INSTRUCTIONS TO FOLLOW
Within the entries below, output exactly the lines between the line containing "Solar farm, solar panels photo from the air" and the line containing "Salvamento marítimo recibió", inclusive, and omit any picture.

DATA FOR PROCESSING
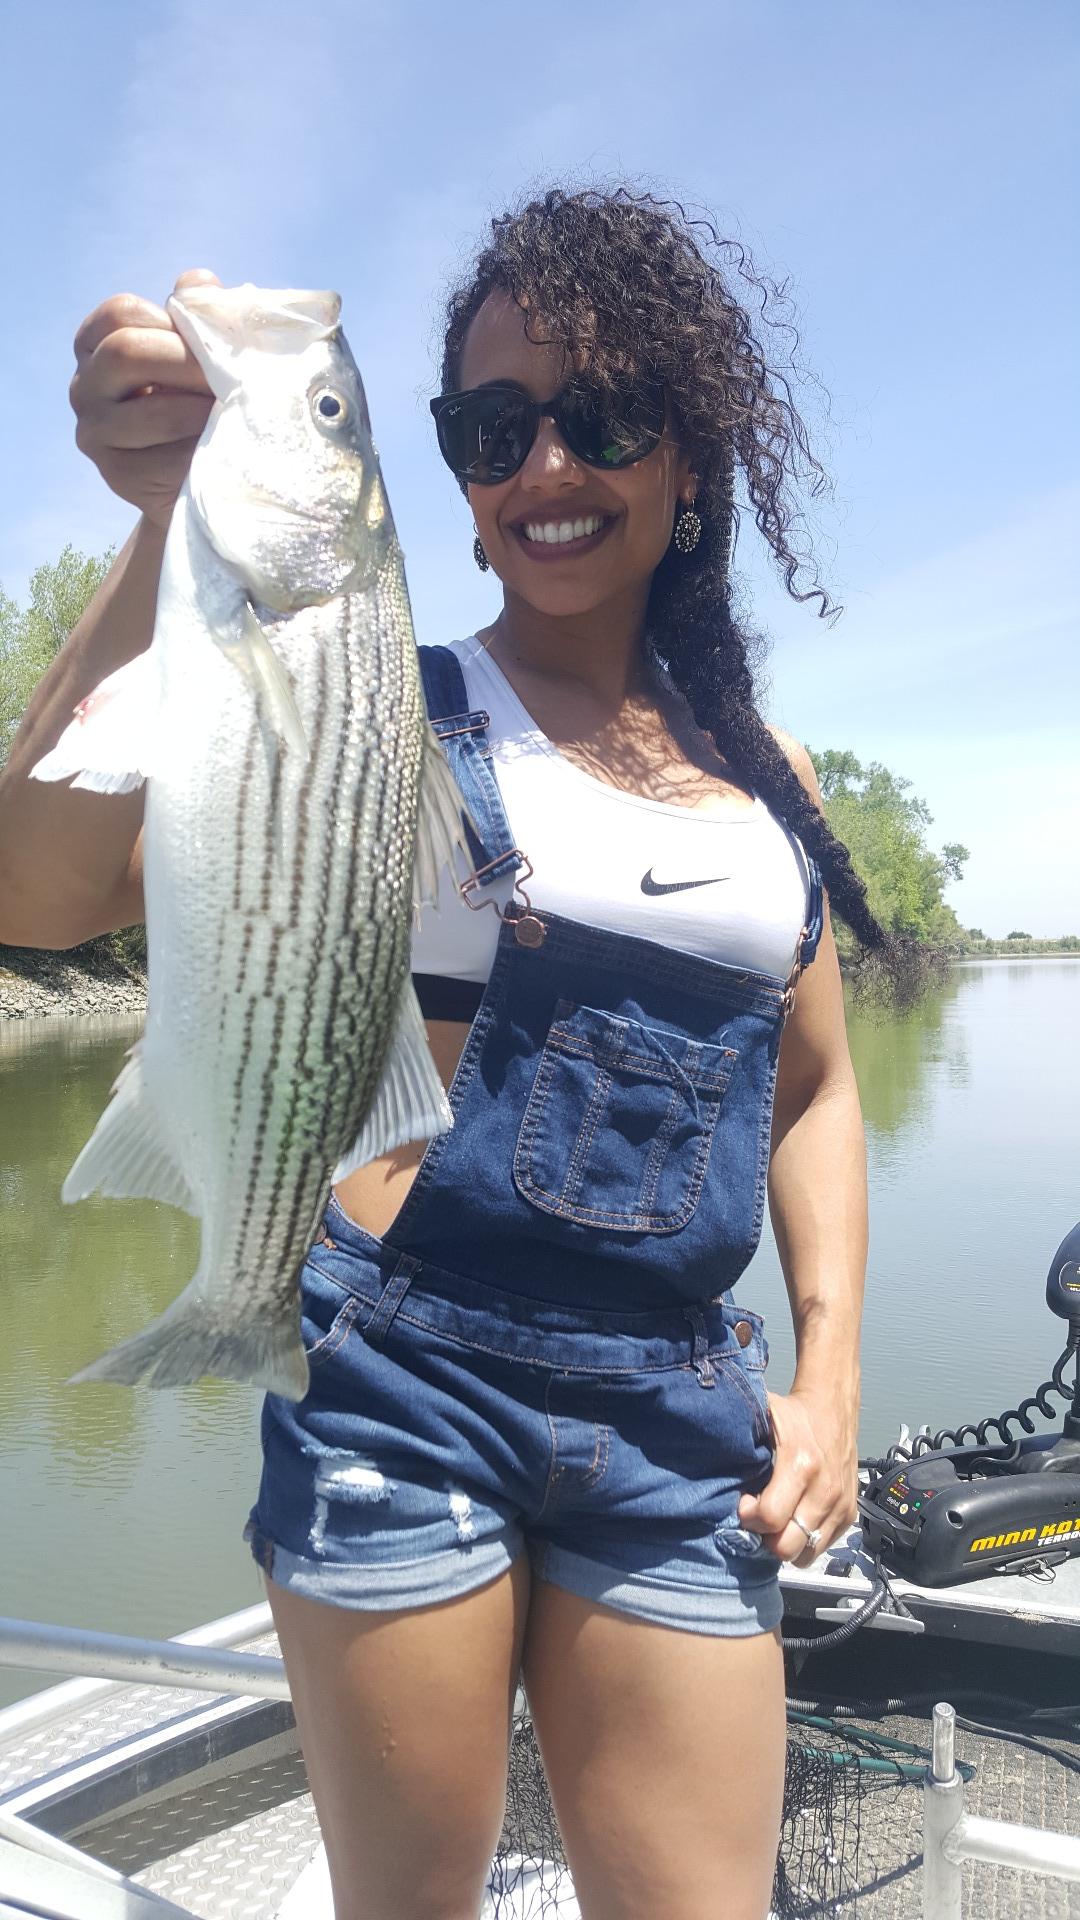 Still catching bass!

...

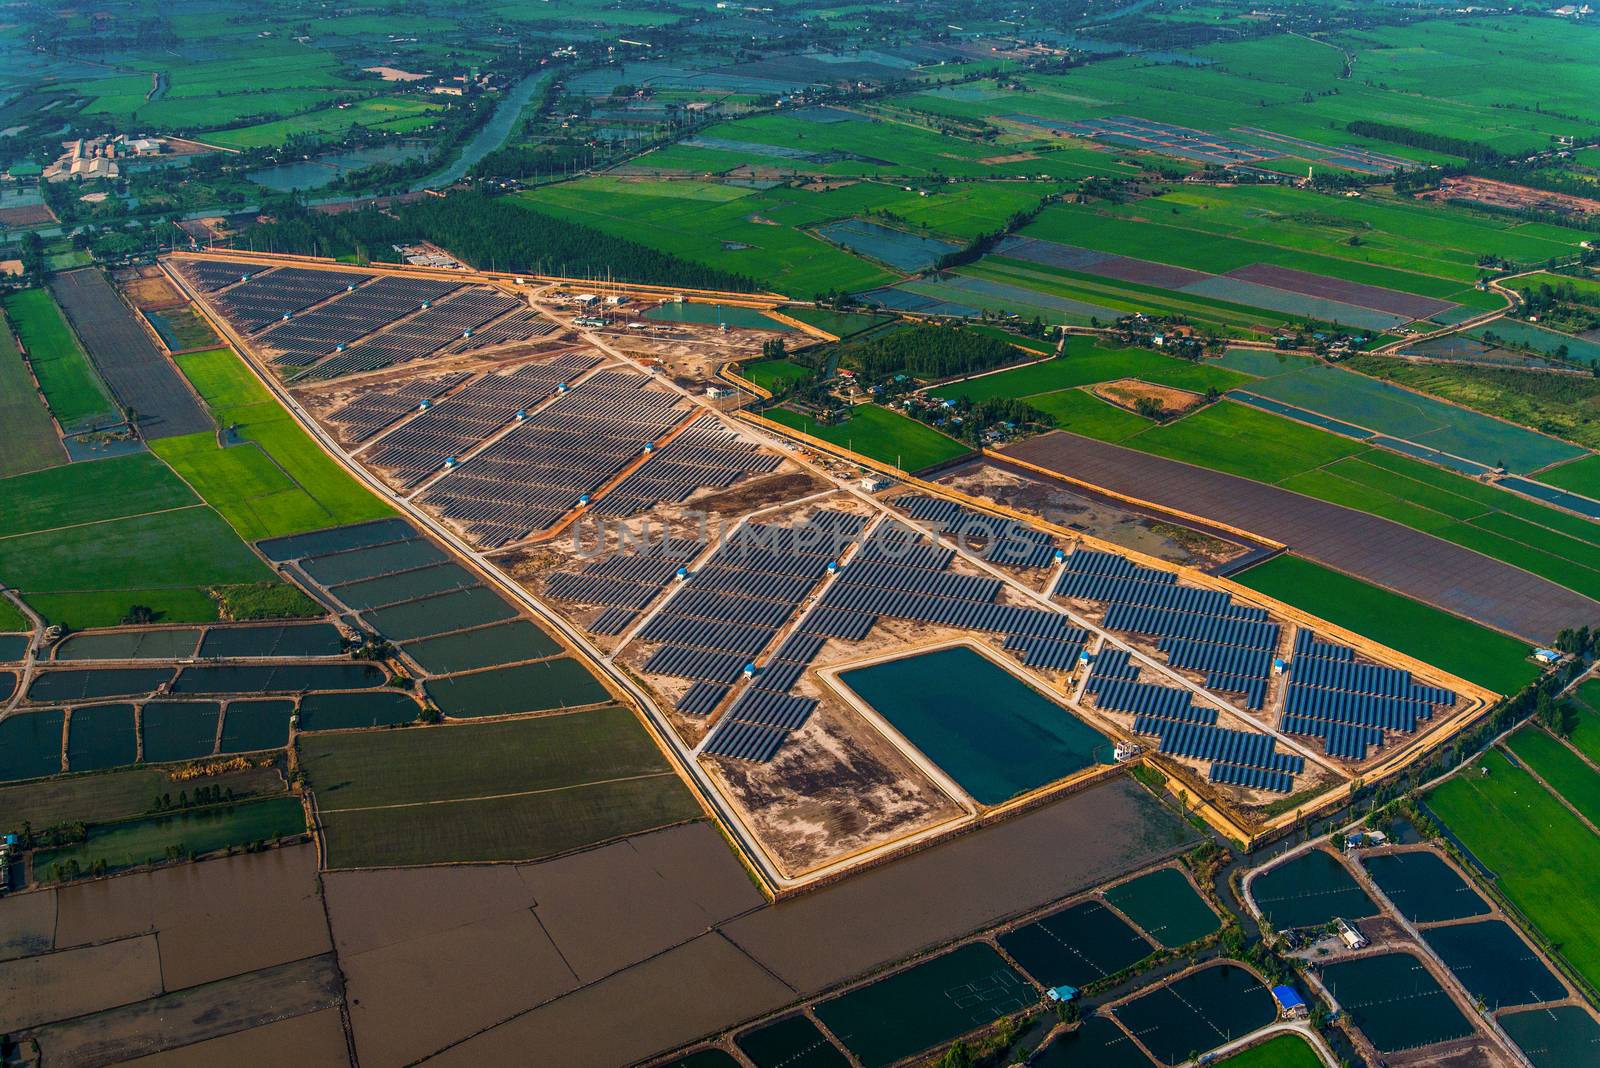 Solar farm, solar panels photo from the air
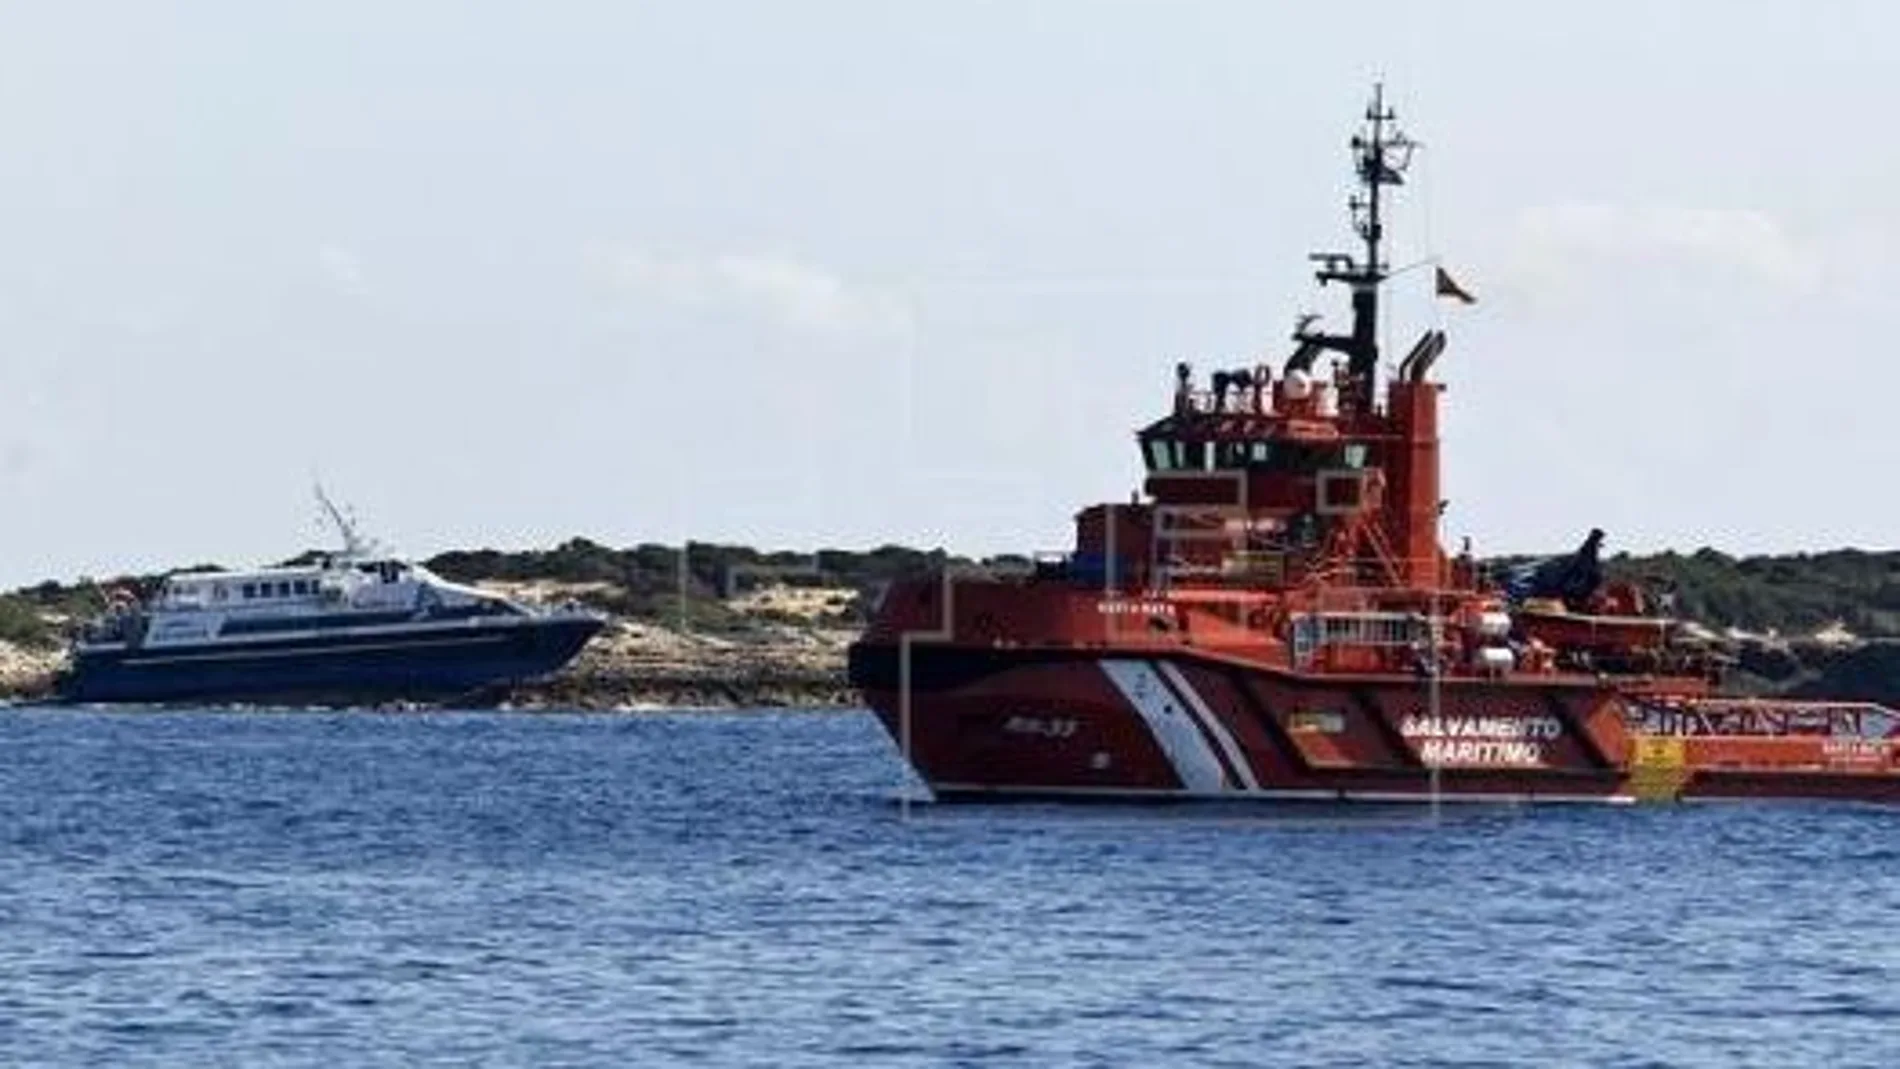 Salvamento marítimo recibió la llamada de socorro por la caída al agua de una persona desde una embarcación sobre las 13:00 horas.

* * *

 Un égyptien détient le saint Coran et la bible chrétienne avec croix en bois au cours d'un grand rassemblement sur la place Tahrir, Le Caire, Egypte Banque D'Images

RESPONSE AREA
 Solar farm, solar panels photo from the air
 Salvamento marítimo recibió la llamada de socorro por la caída al agua de una persona desde una embarcación sobre las 13:00 horas.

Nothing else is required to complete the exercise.